[Start of Attachment]

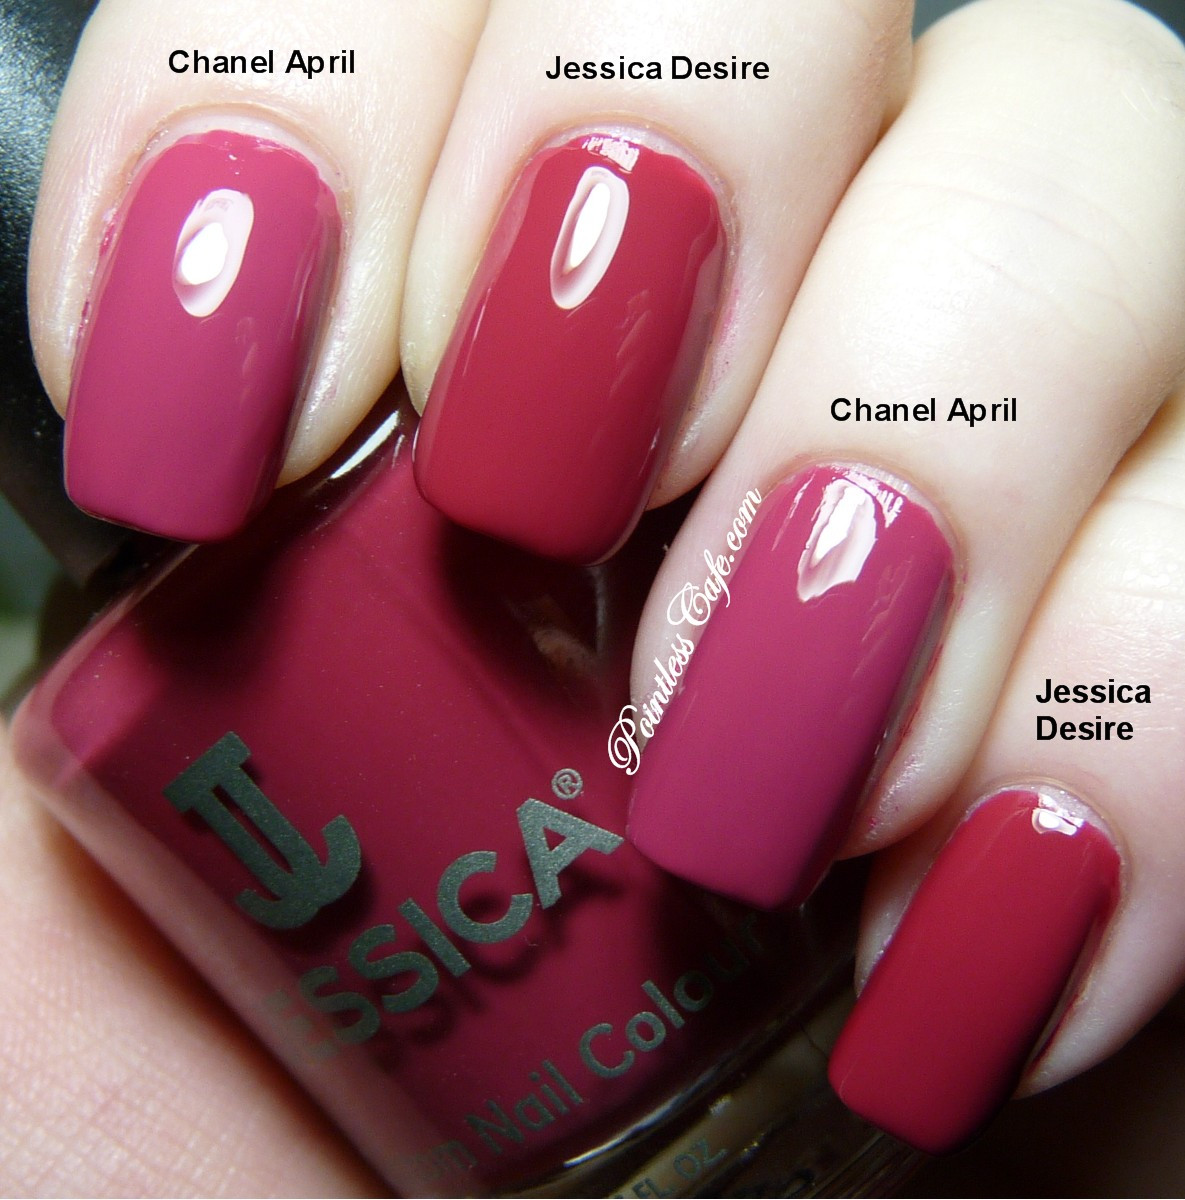 April Nail Colors
 Jessica Custom Nail Colour vs Chanel April May and June
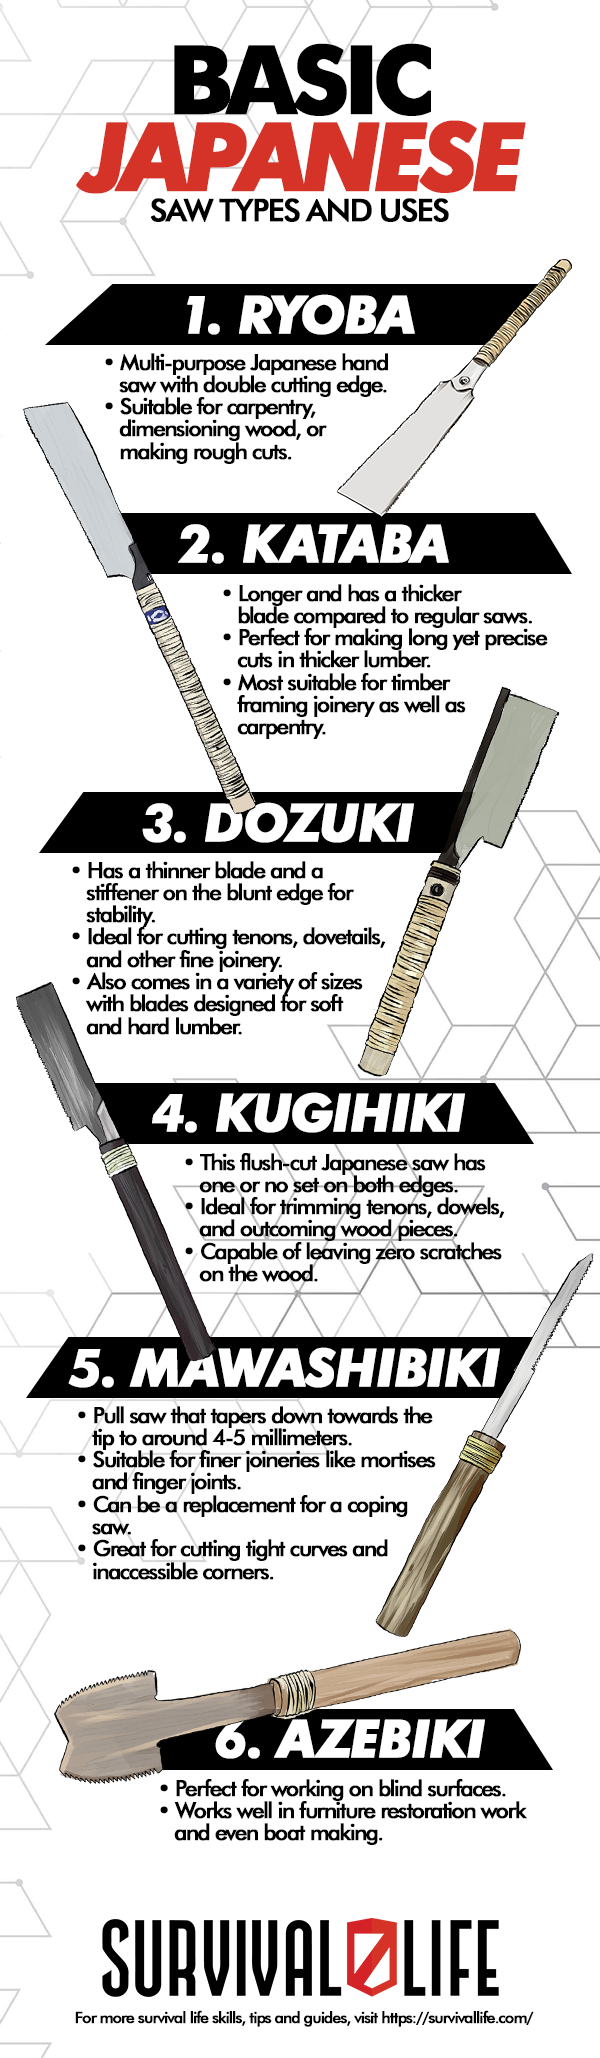 Basic Japanese Saw Types and Uses
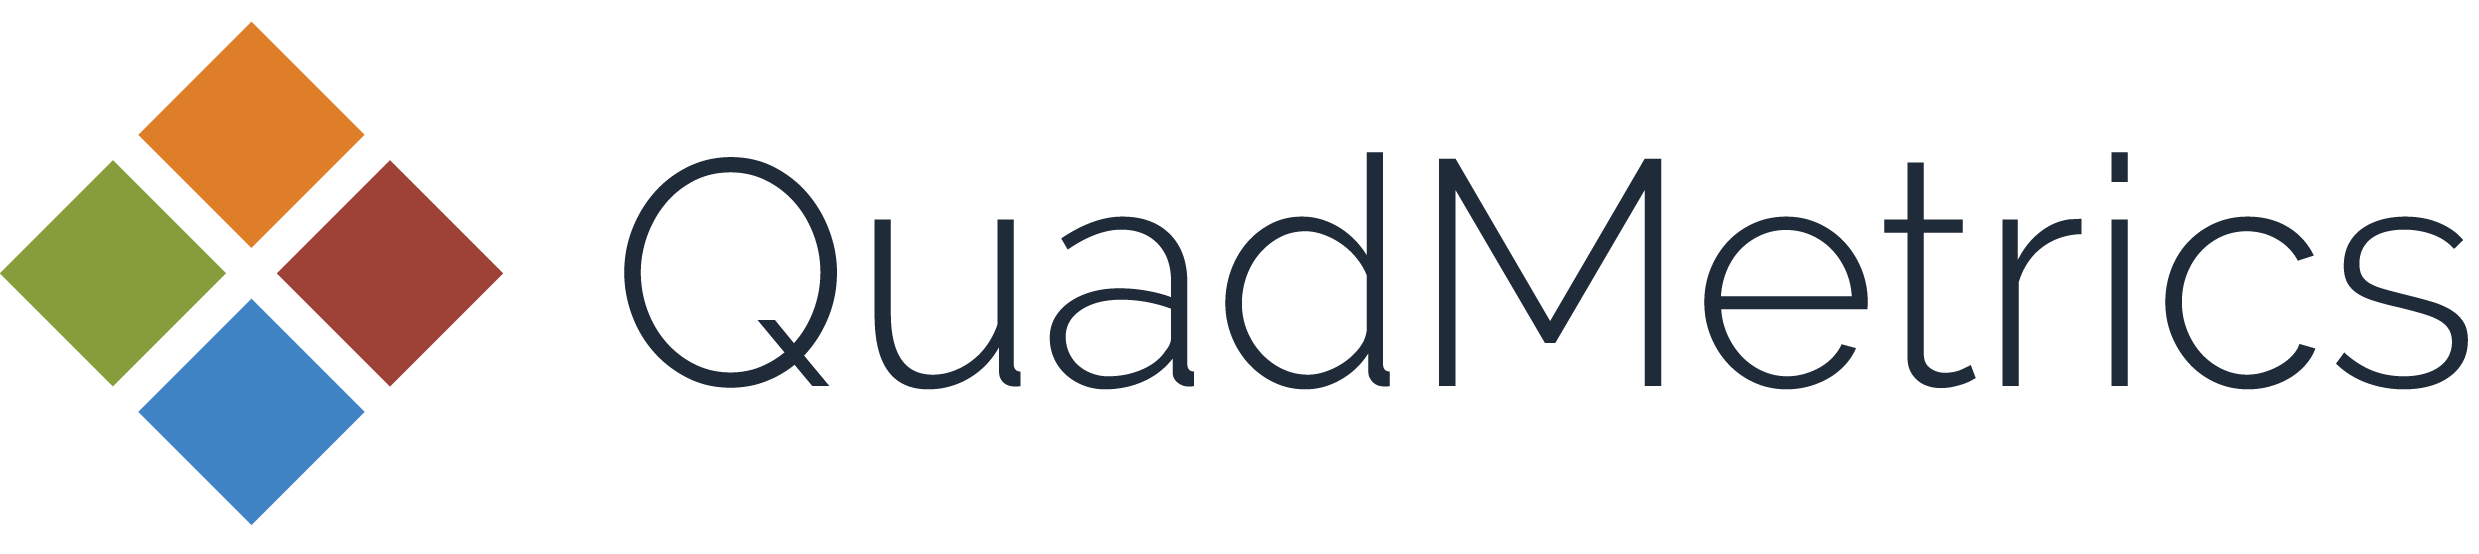 QuadMetrics logo

[End of Attachment]

◆ **Required work**
Reproduce each line above exactly, but not a single picture.

◆ **Task output**
 April Nail Colors
 Jessica Custom Nail Colour vs Chanel April May and June
 Basic Japanese Saw Types and Uses
 QuadMetrics logo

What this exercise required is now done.